Task to complete –
An exact transcription is needed of the lines below from the one with "Aspire Minican+(ミニカン プラス)とは?外観や付属品を紹介!" through the one with "Wedding Photographer_Mid Ocean_Rachel_Angus_116.jpg", with no other lines and no pictures.

Data for analysis –
________________________
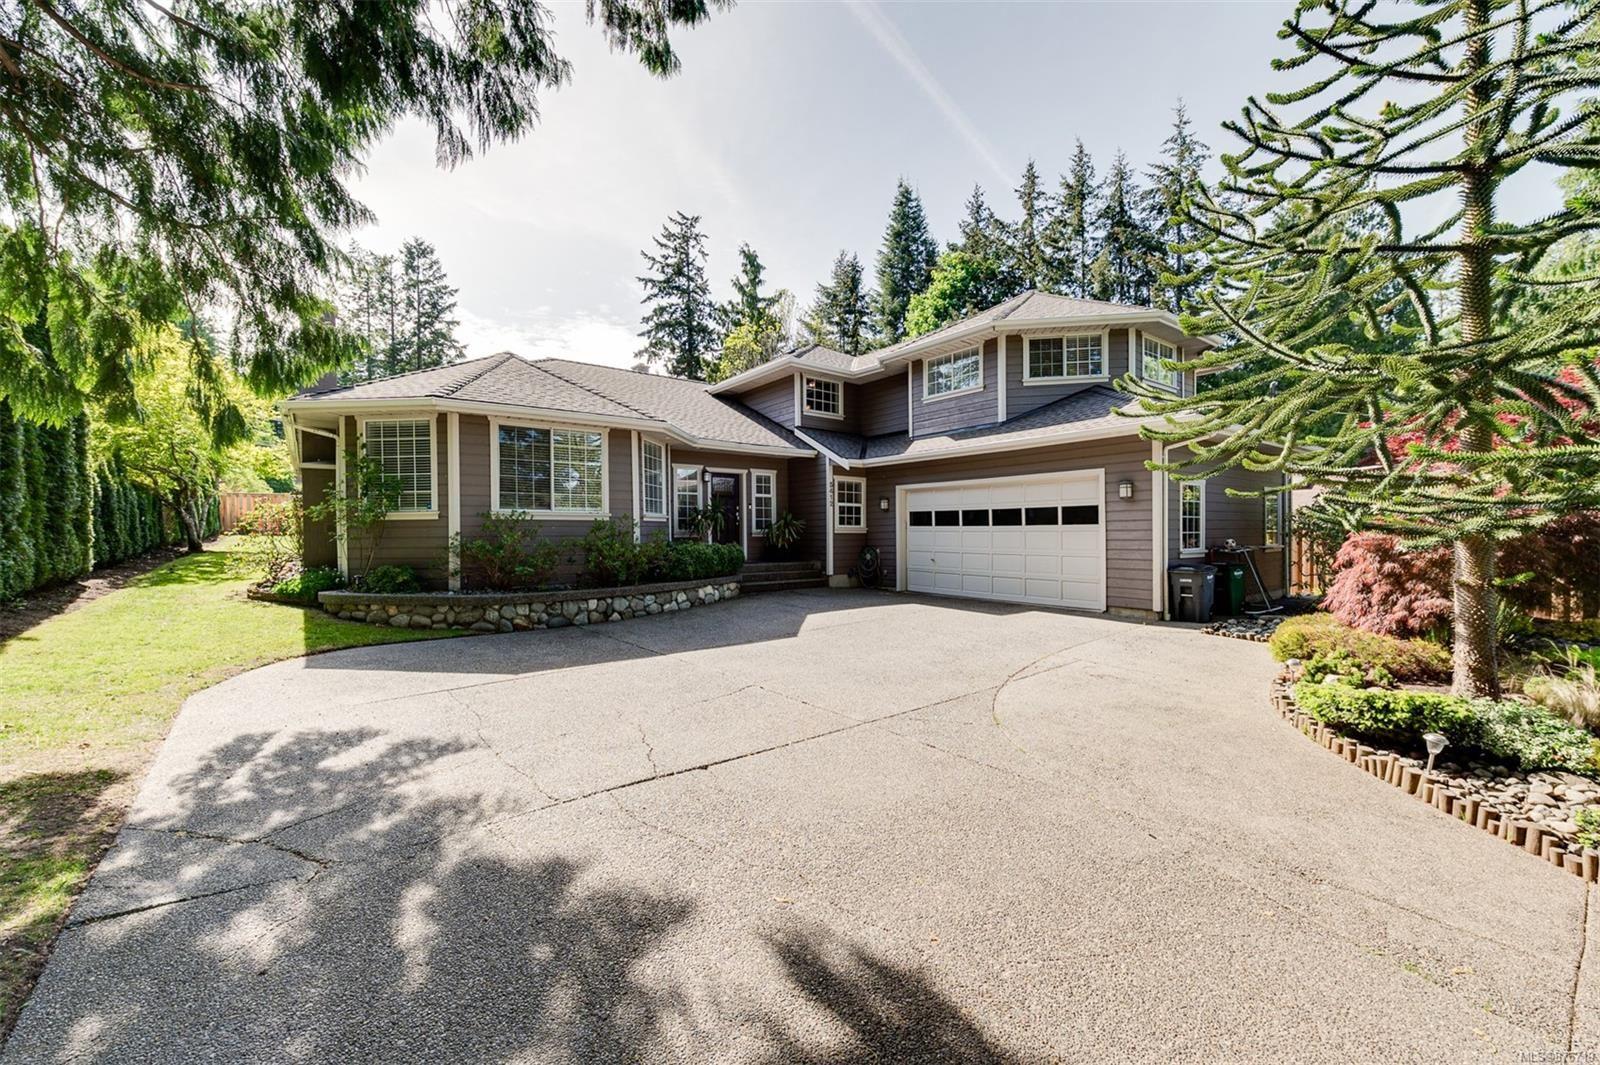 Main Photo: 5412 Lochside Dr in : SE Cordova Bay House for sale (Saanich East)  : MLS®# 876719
________________________
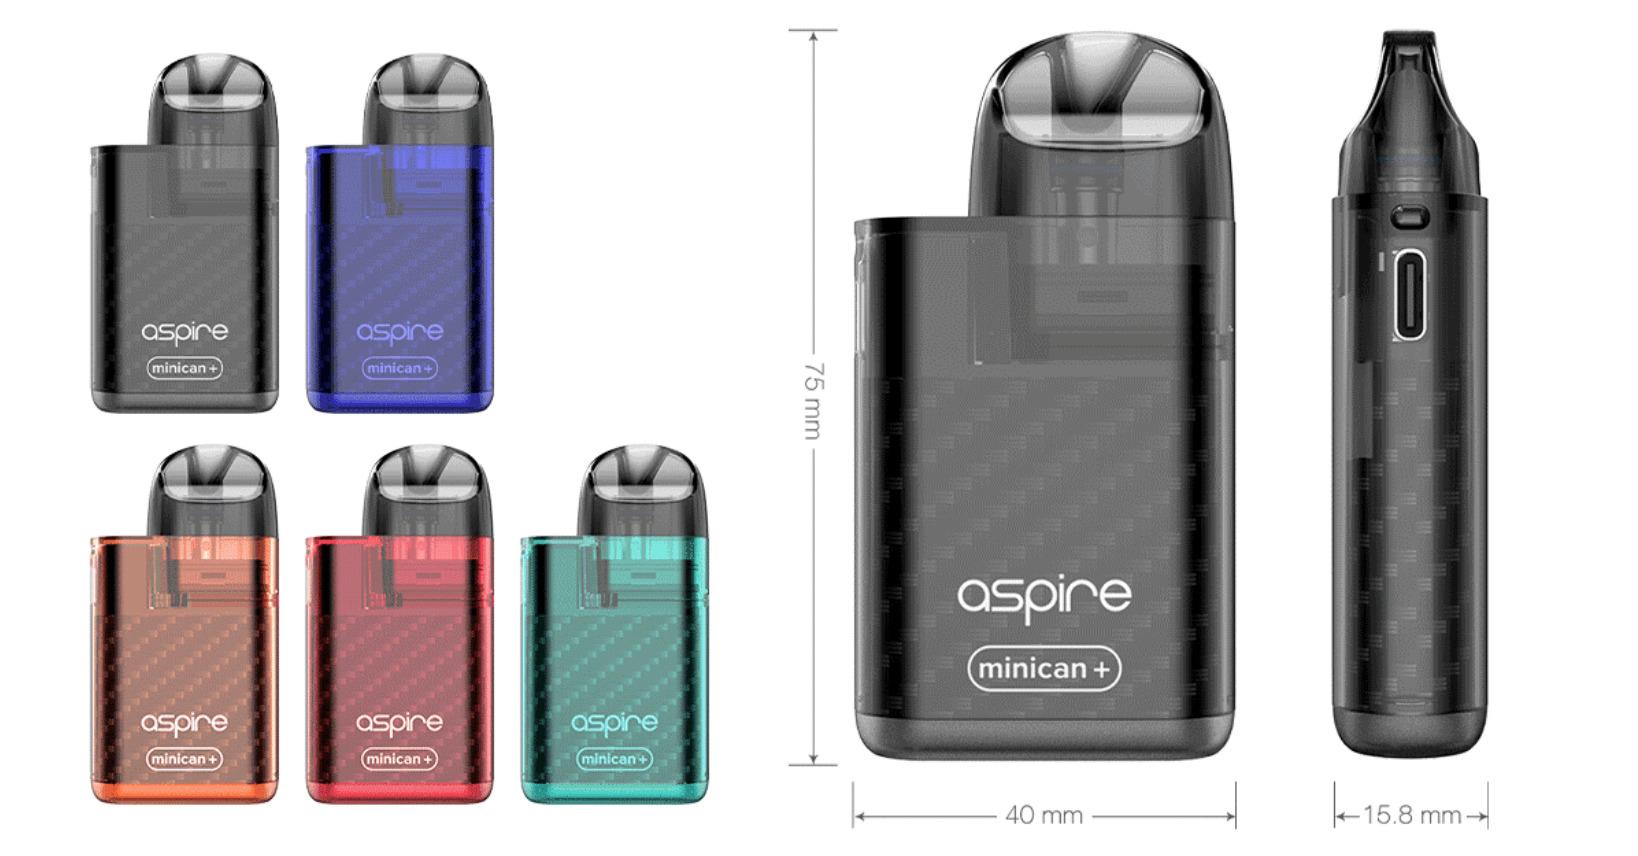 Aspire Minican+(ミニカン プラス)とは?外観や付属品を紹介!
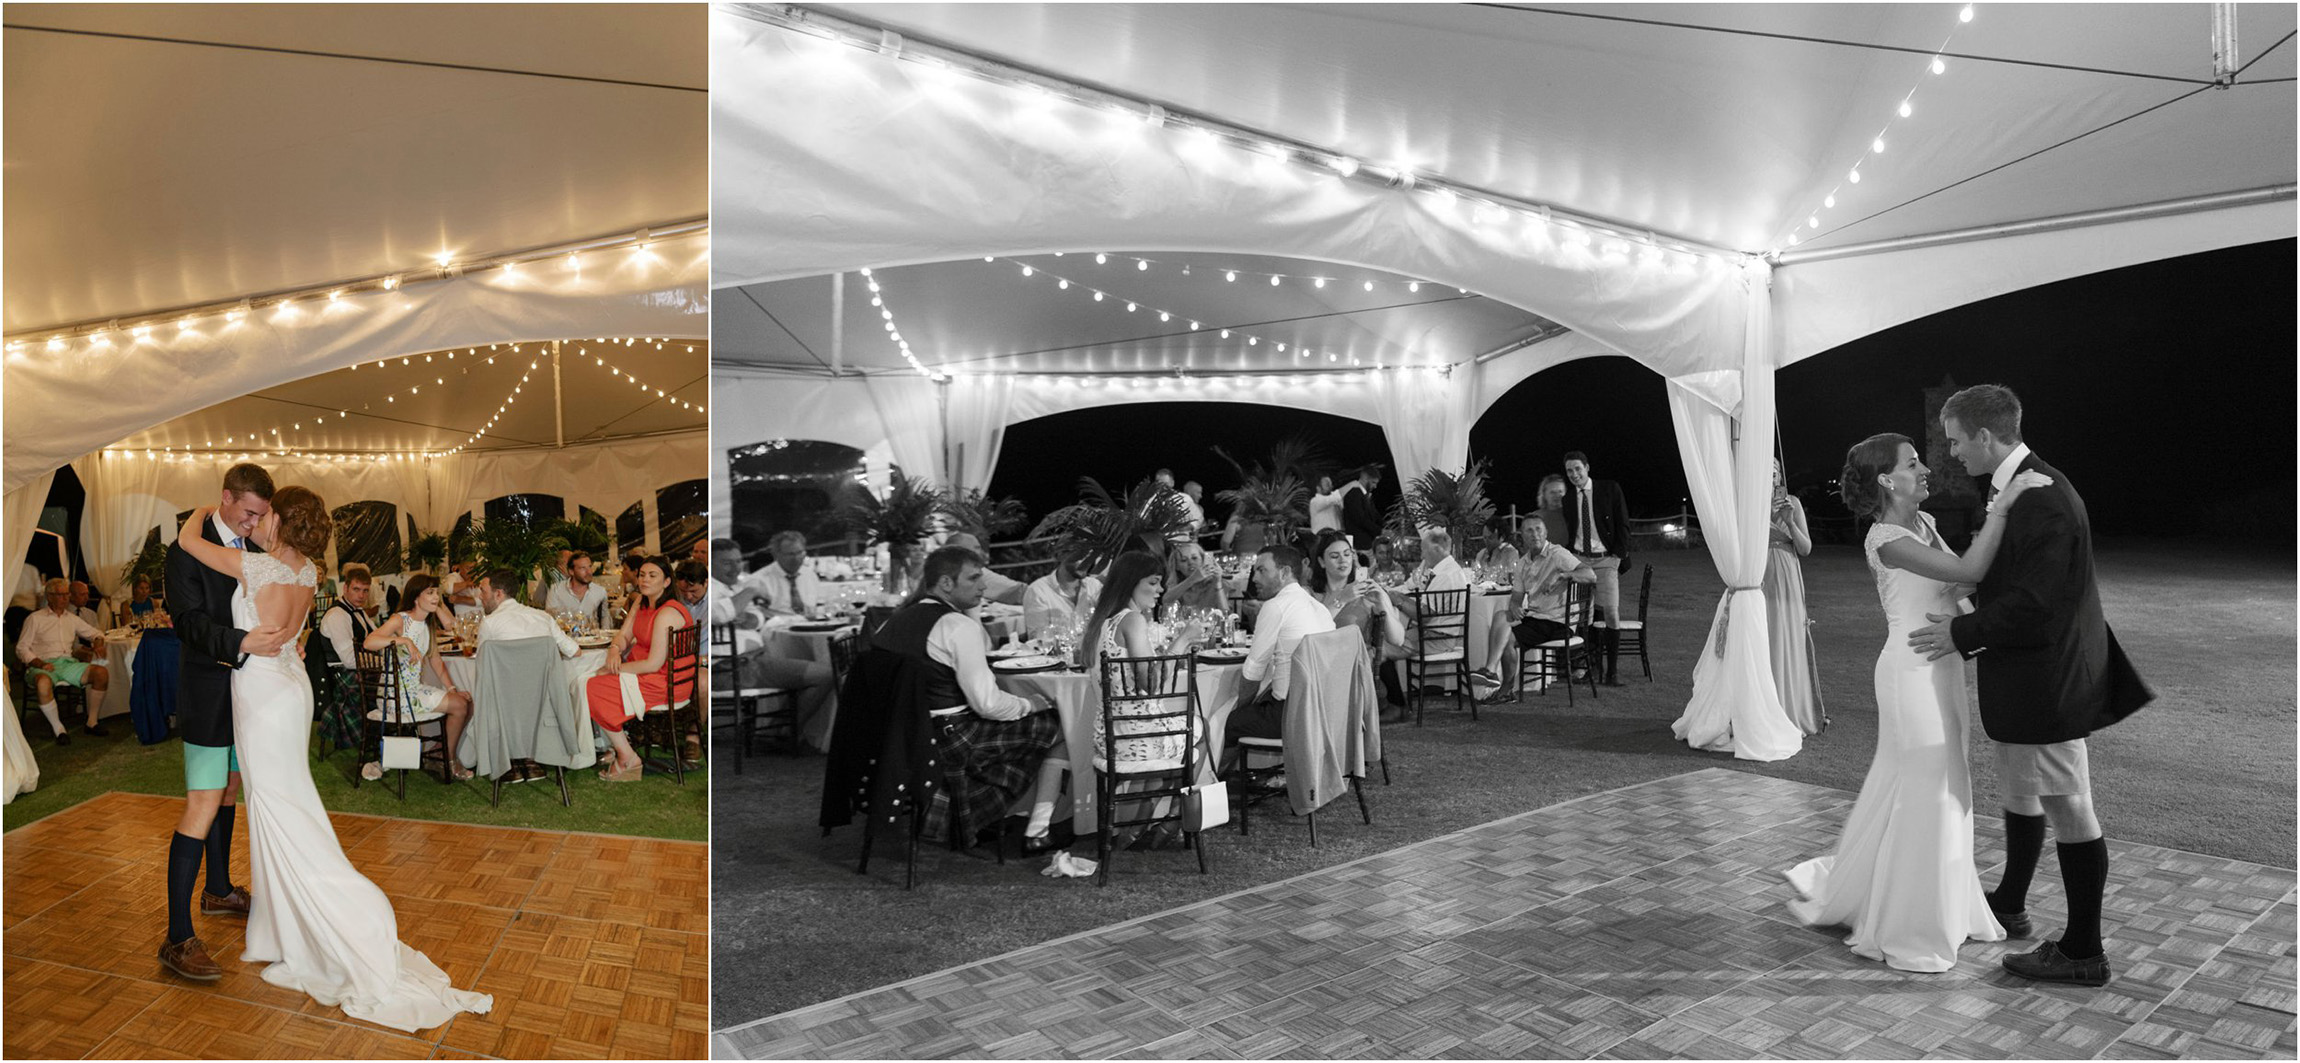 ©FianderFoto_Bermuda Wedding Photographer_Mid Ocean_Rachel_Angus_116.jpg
________________________
Answer to the problem –
 Aspire Minican+(ミニカン プラス)とは?外観や付属品を紹介!
 ©FianderFoto_Bermuda Wedding Photographer_Mid Ocean_Rachel_Angus_116.jpg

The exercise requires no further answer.